* [Brief]:
Word for word, please copy the listing below, with its pictures left out.

* [Given material]:
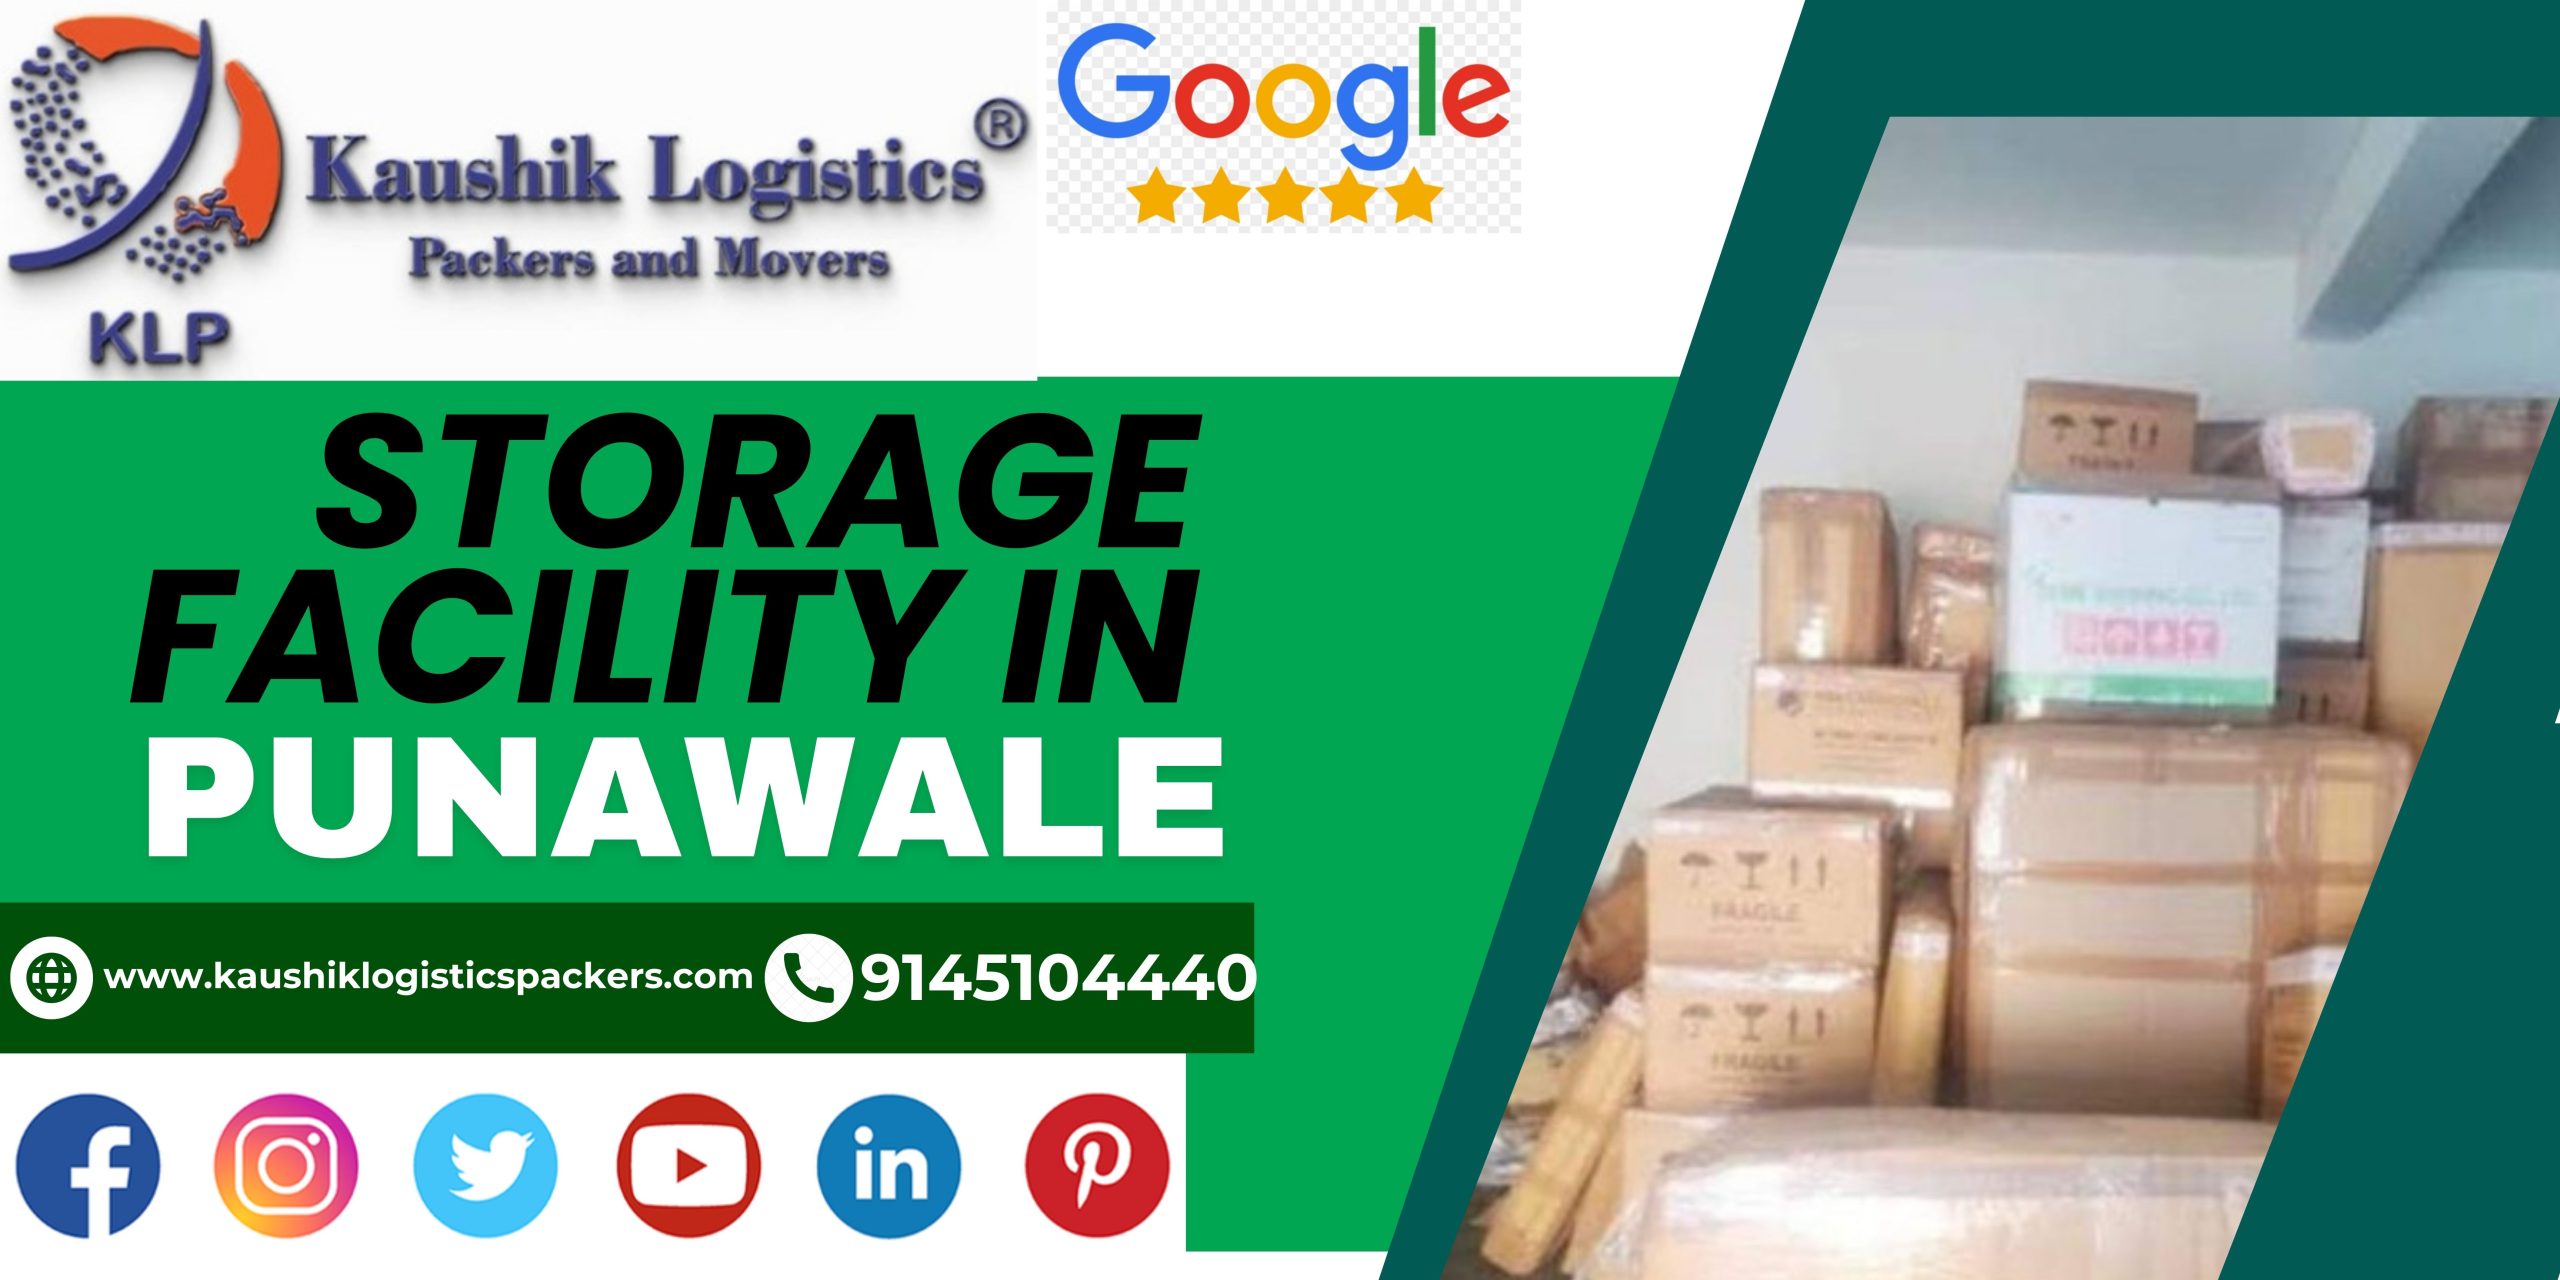 Packers and Movers In Punawale
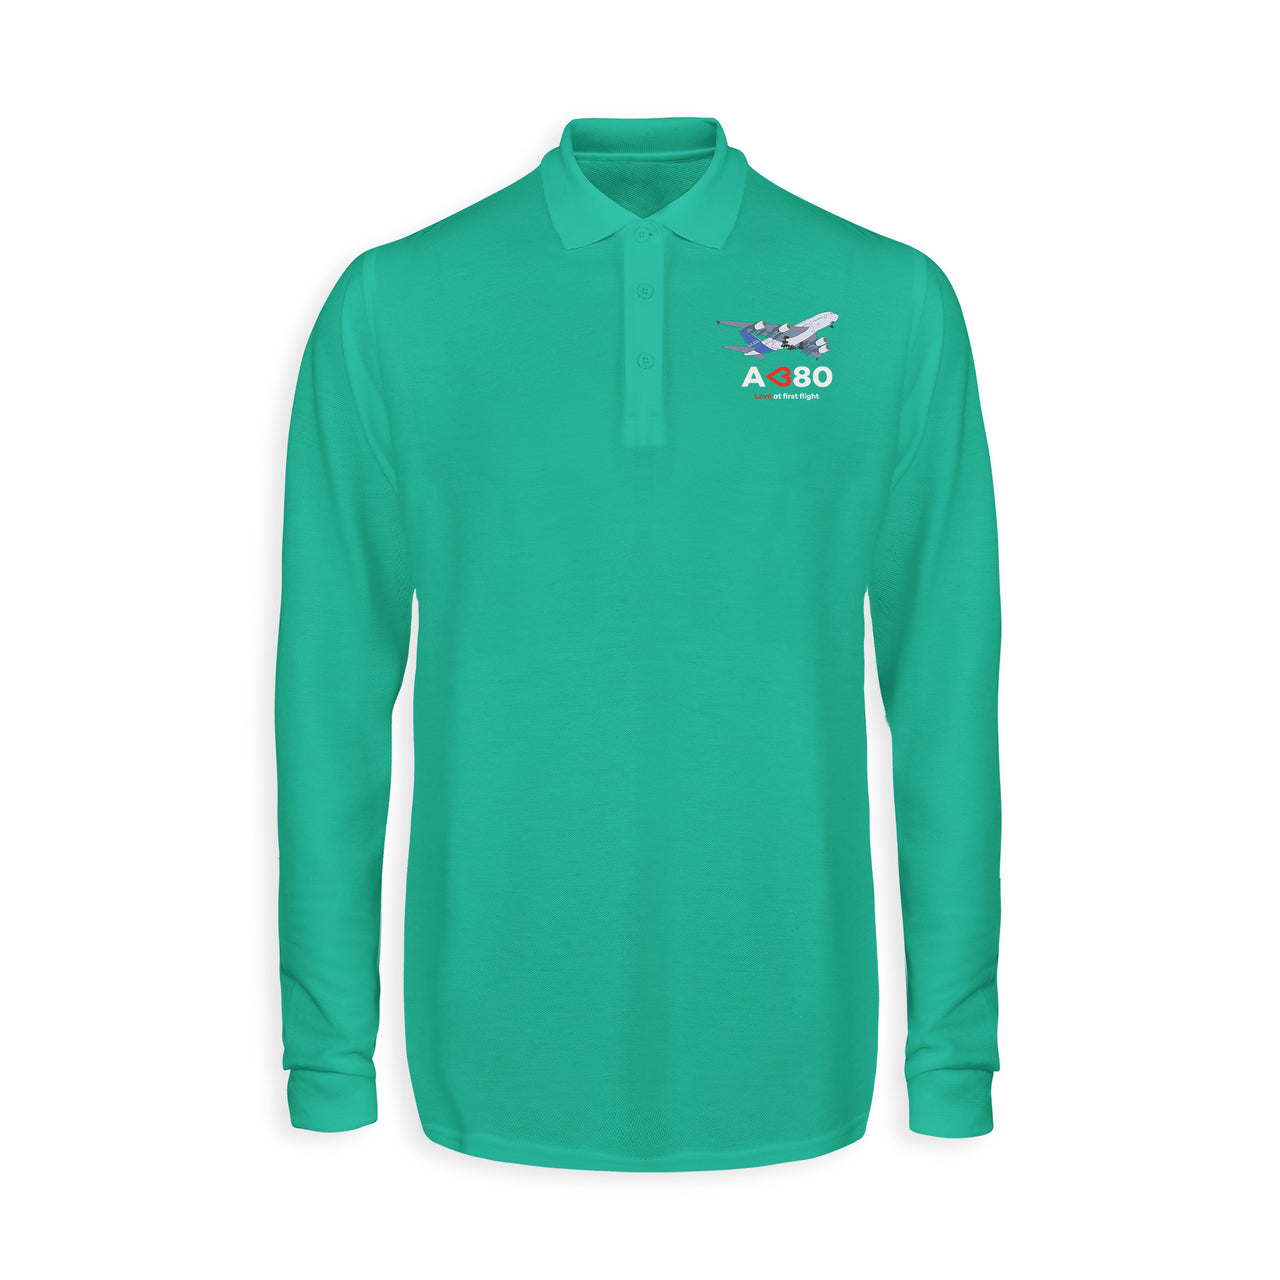 Airbus A380 Love at first flight Designed Long Sleeve Polo T-Shirts
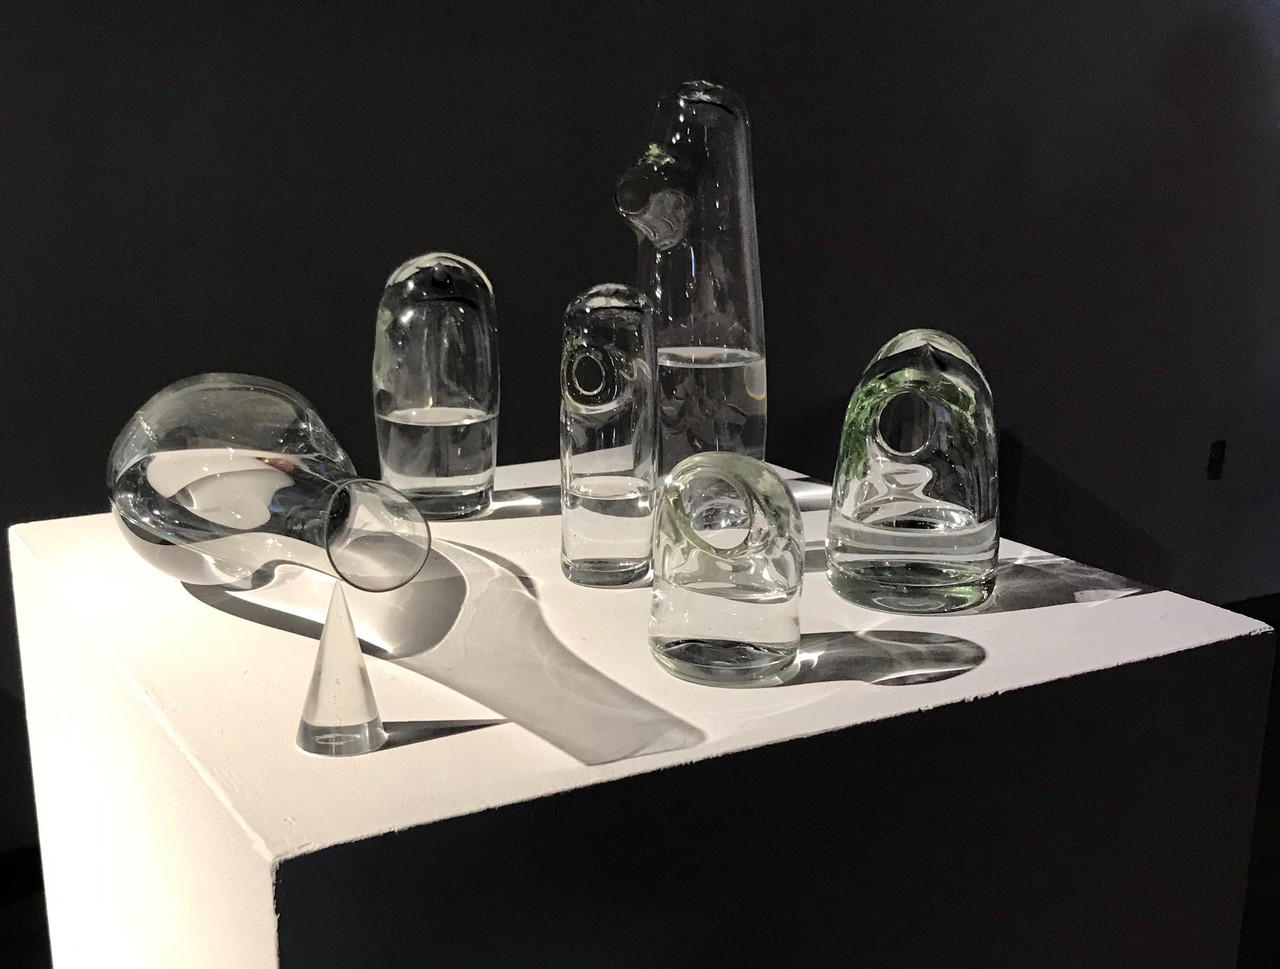 Seven pieces of glassware, most filled with water, sit on a platform in front of a black background
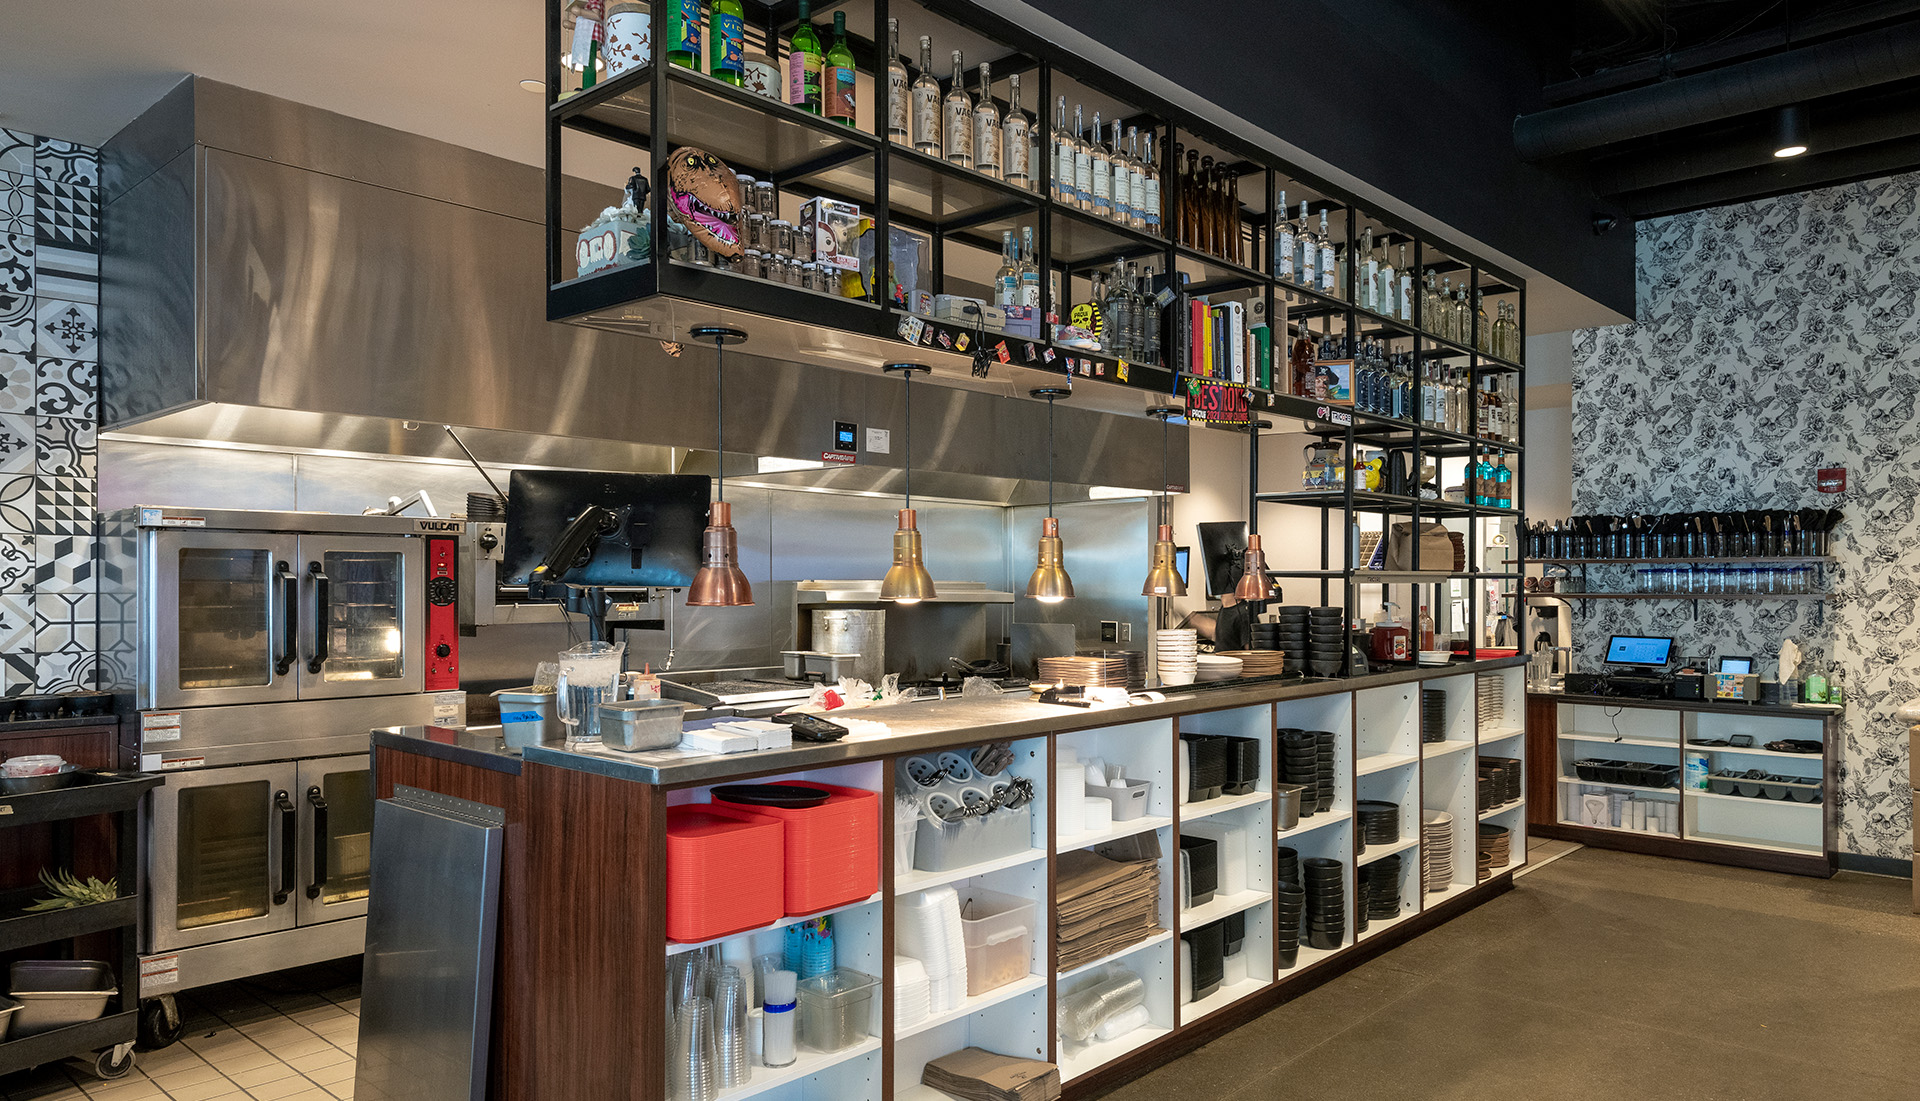 A section of the kitchen is visible to guests, allowing them to be part of the creative cooking and dining experience. Sleek equipment, decorative shelving, and deliberate lighting design blend the kitchen and dining spaces.

* [Completed exercise]:
 Packers and Movers In Punawale
 Airbus A380 Love at first flight Designed Long Sleeve Polo T-Shirts
 Seven pieces of glassware, most filled with water, sit on a platform in front of a black background
 A section of the kitchen is visible to guests, allowing them to be part of the creative cooking and dining experience. Sleek equipment, decorative shelving, and deliberate lighting design blend the kitchen and dining spaces.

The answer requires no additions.